(Information supplied begins)

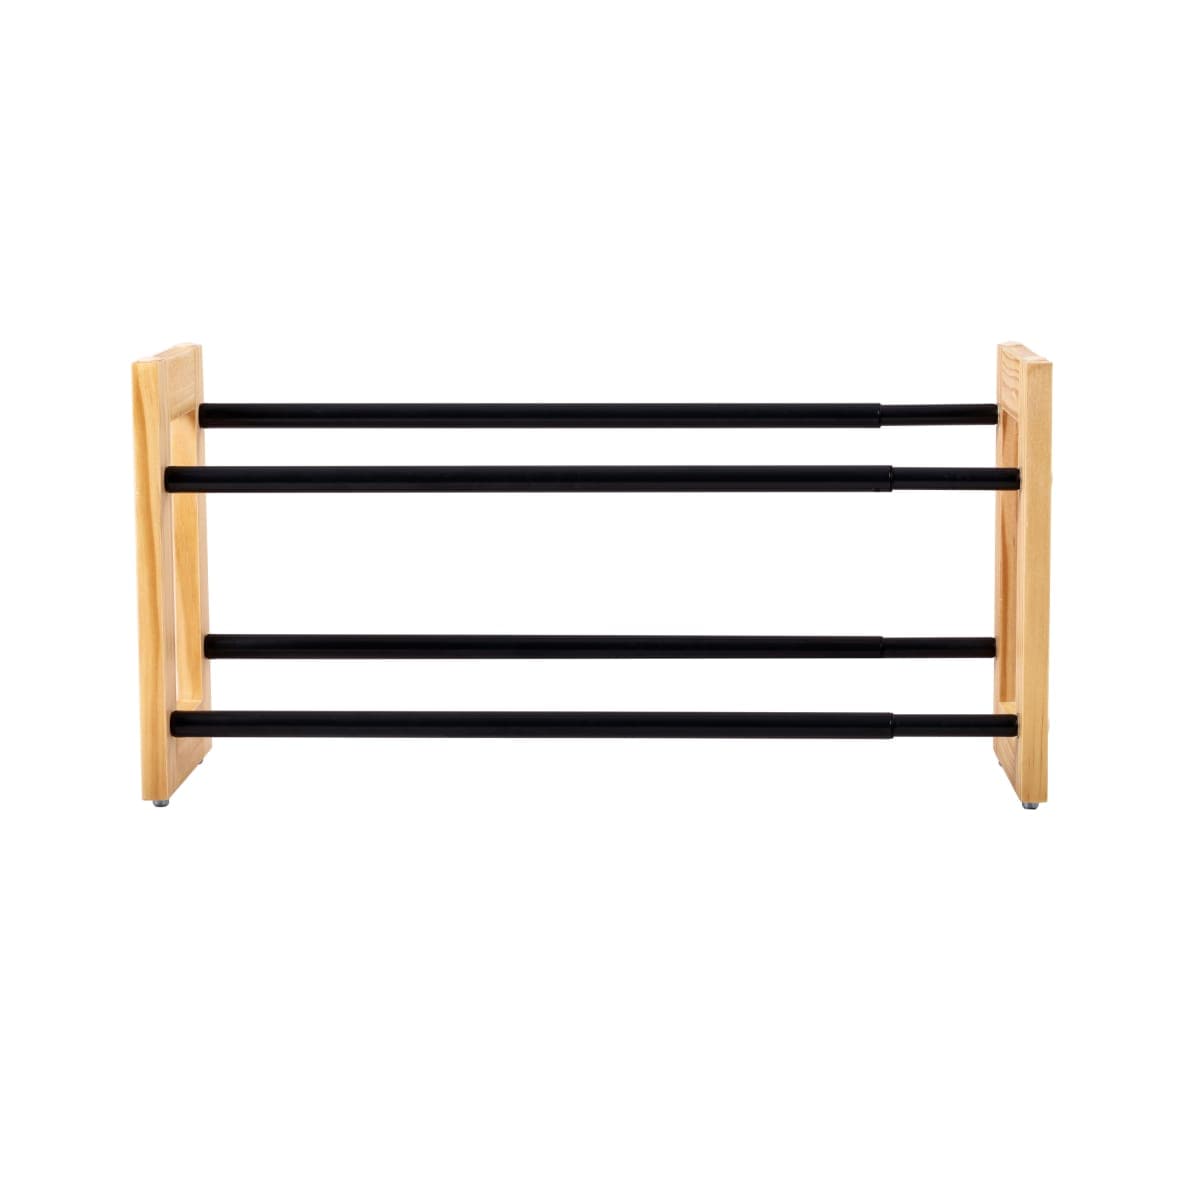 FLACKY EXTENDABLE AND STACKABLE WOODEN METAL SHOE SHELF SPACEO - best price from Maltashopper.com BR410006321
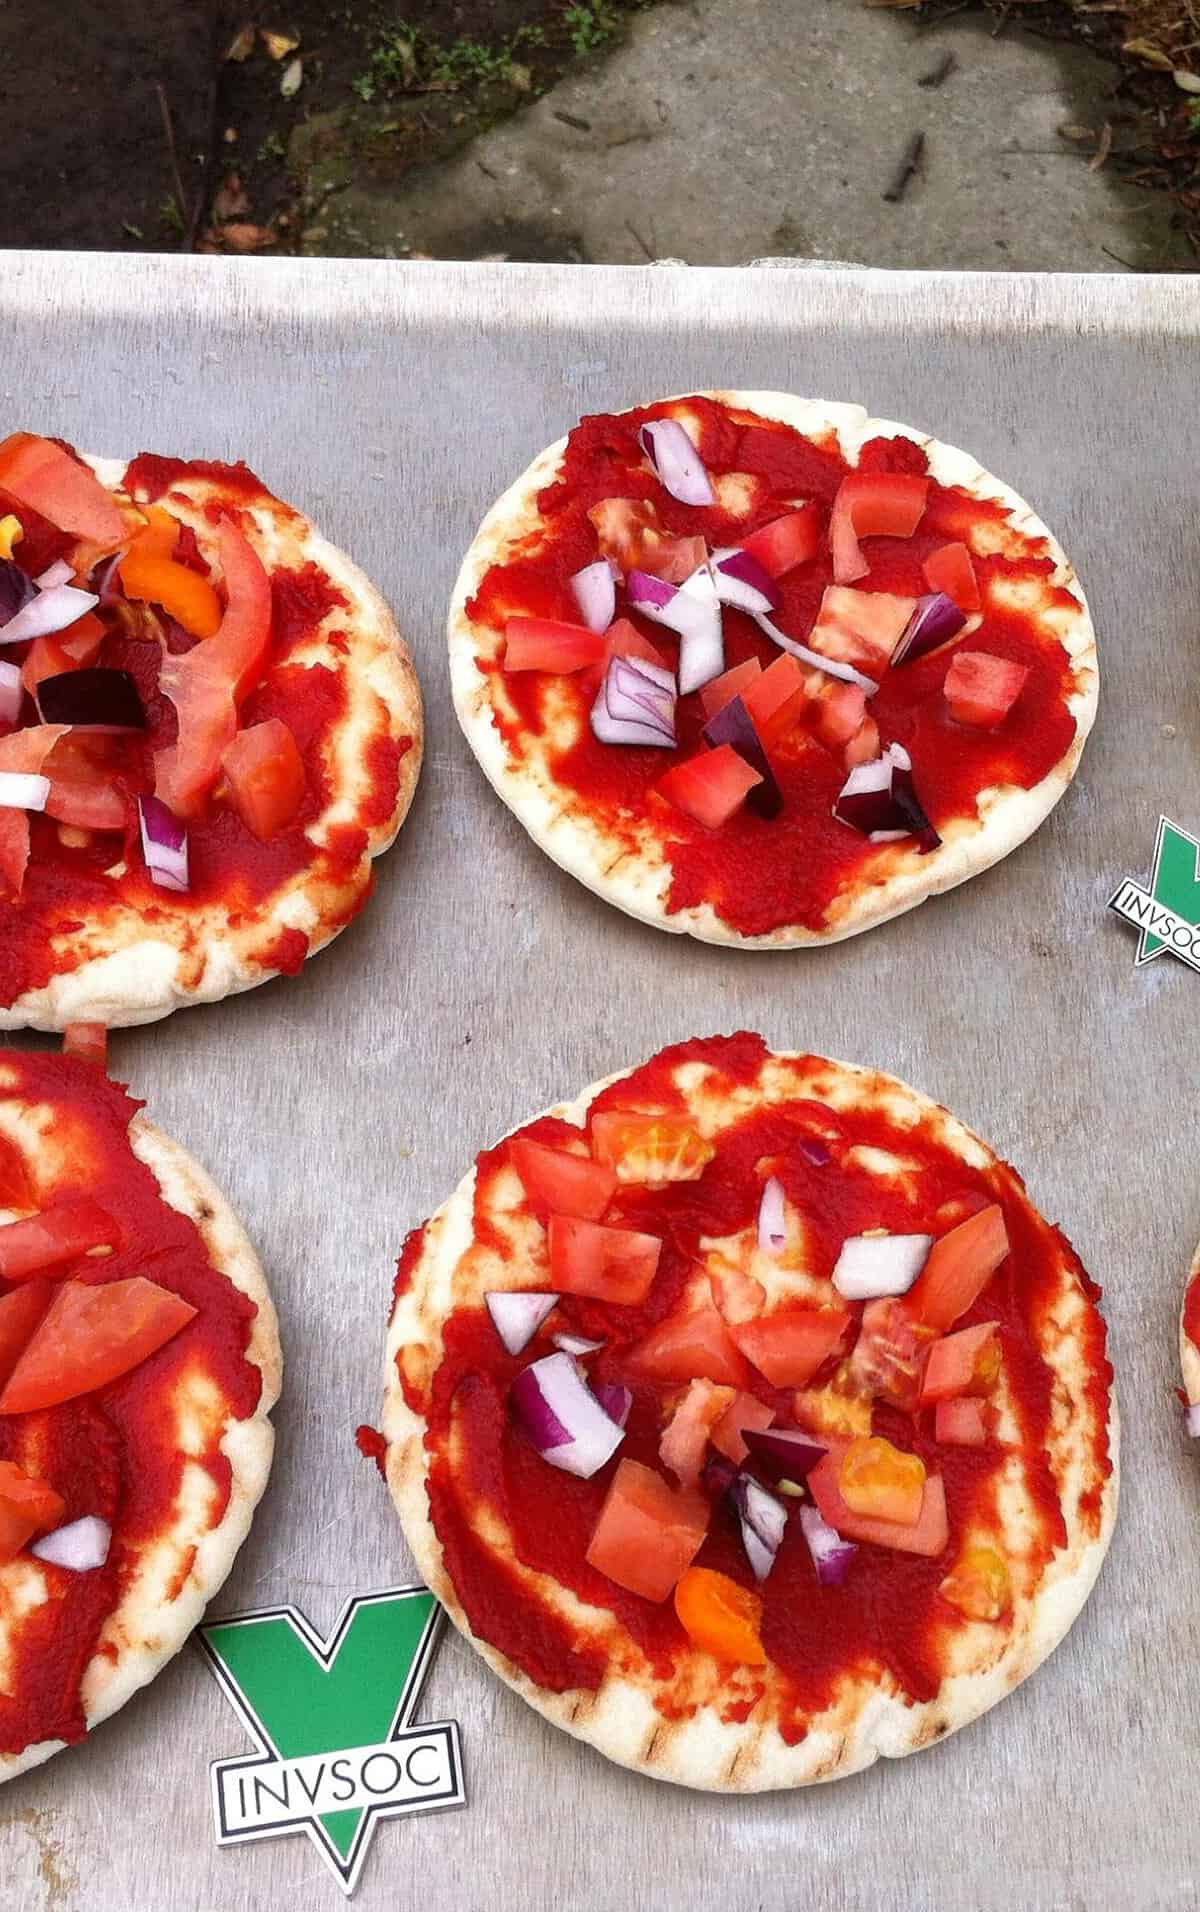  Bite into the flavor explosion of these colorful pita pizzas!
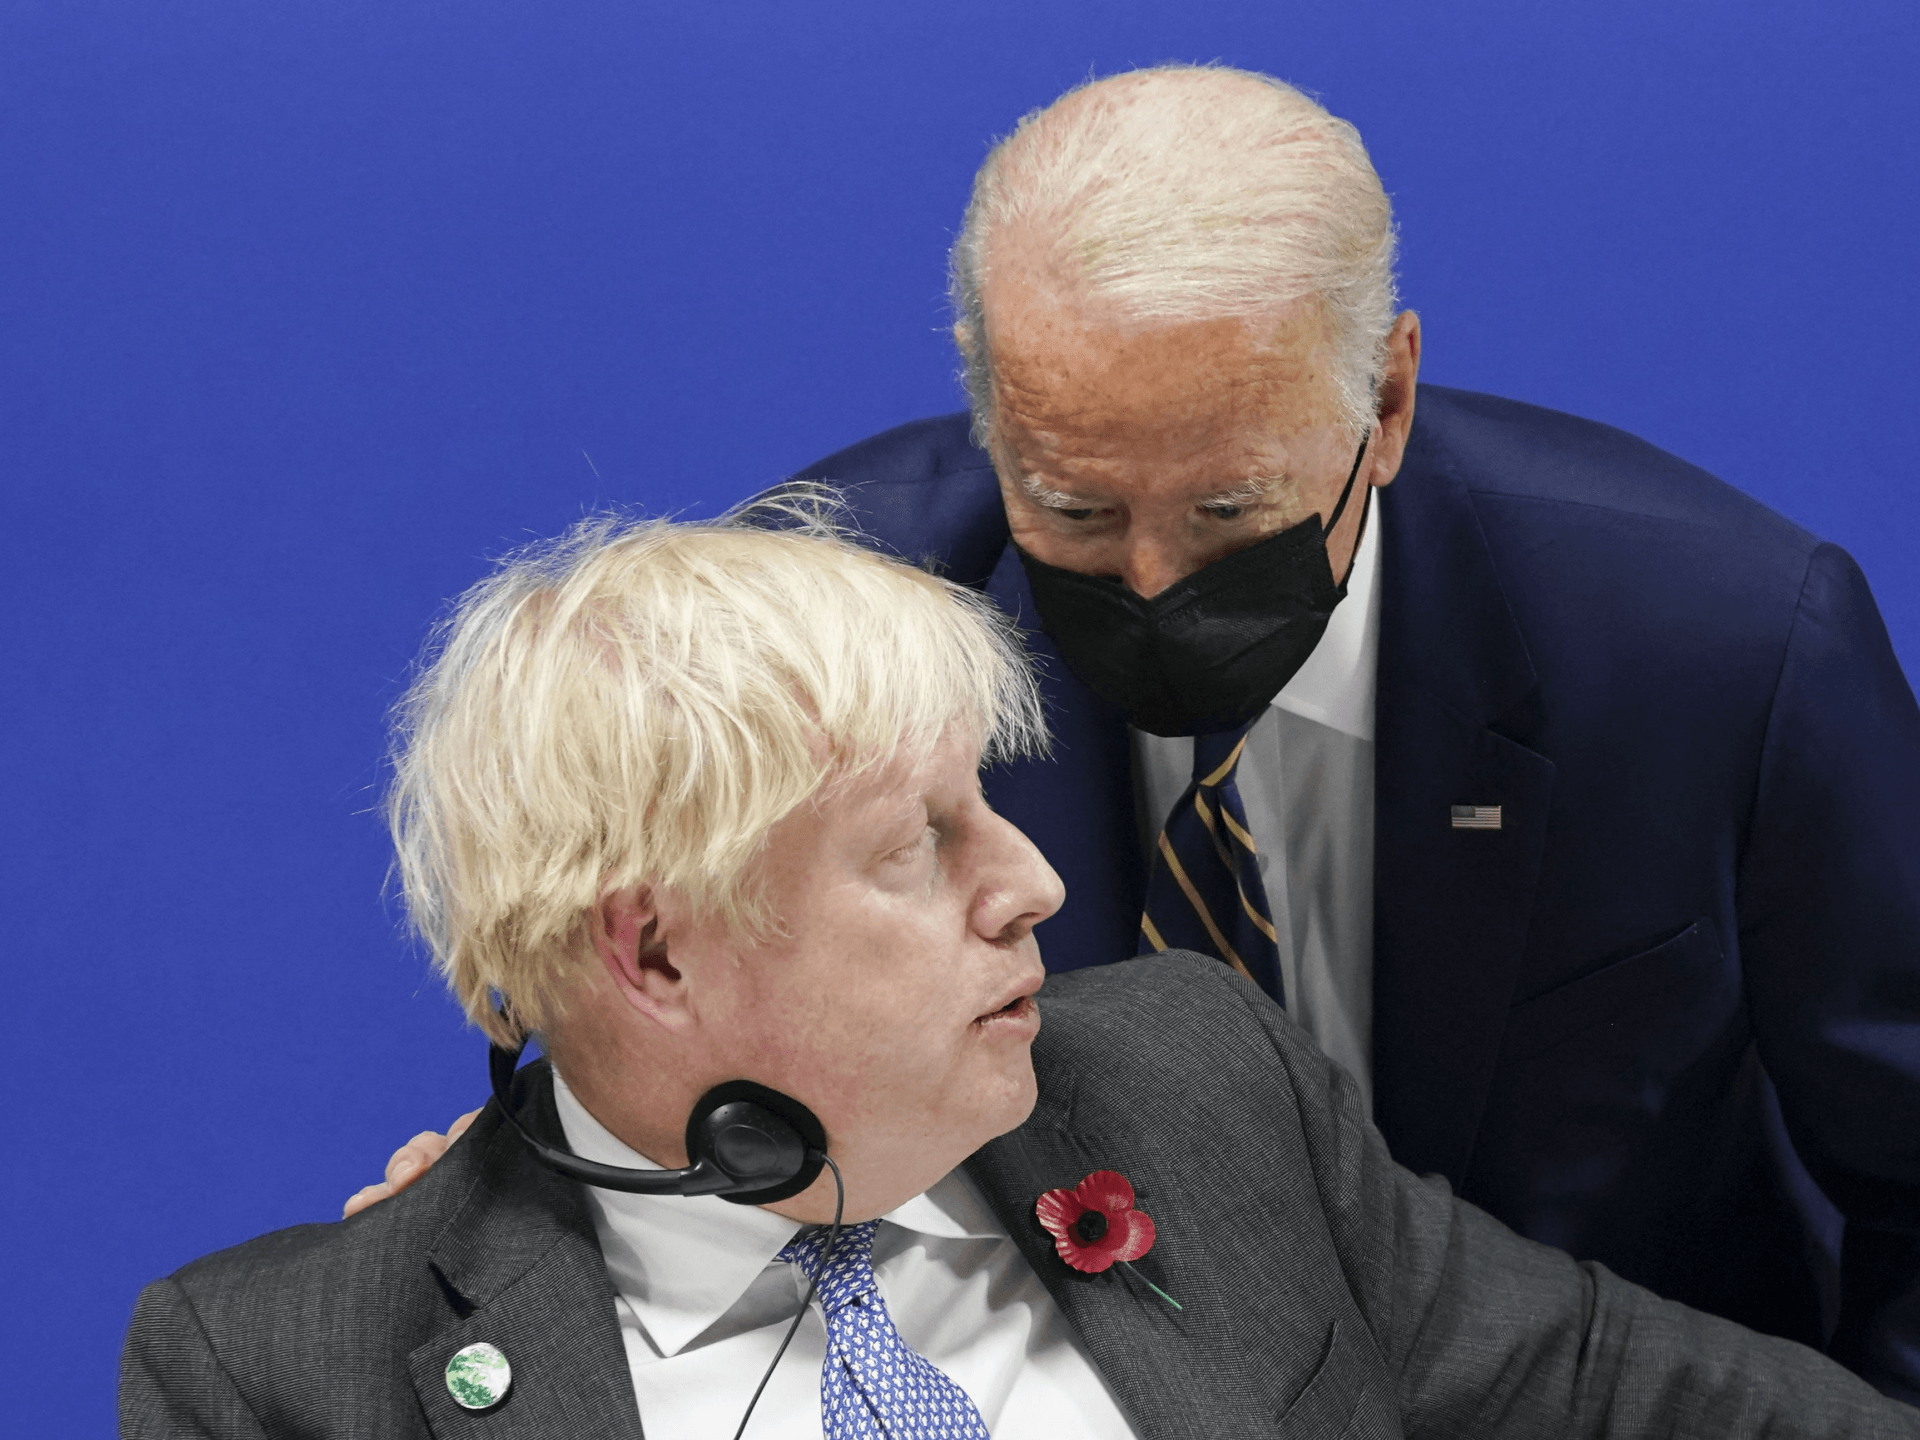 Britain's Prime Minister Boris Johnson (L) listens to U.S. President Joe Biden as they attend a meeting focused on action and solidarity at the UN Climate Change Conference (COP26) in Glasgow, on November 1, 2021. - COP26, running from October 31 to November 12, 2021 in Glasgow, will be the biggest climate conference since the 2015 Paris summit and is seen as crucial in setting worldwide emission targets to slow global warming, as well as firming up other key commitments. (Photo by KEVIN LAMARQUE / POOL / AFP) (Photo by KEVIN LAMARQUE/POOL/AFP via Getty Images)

(Information supplied ends)

What to work on: The result should be the listing above, restated exactly, with no pictures in it.

Answer to the exercise:
 FLACKY EXTENDABLE AND STACKABLE WOODEN METAL SHOE SHELF SPACEO - best price from Maltashopper.com BR410006321
  Bite into the flavor explosion of these colorful pita pizzas!
 Britain's Prime Minister Boris Johnson (L) listens to U.S. President Joe Biden as they attend a meeting focused on action and solidarity at the UN Climate Change Conference (COP26) in Glasgow, on November 1, 2021. - COP26, running from October 31 to November 12, 2021 in Glasgow, will be the biggest climate conference since the 2015 Paris summit and is seen as crucial in setting worldwide emission targets to slow global warming, as well as firming up other key commitments. (Photo by KEVIN LAMARQUE / POOL / AFP) (Photo by KEVIN LAMARQUE/POOL/AFP via Getty Images)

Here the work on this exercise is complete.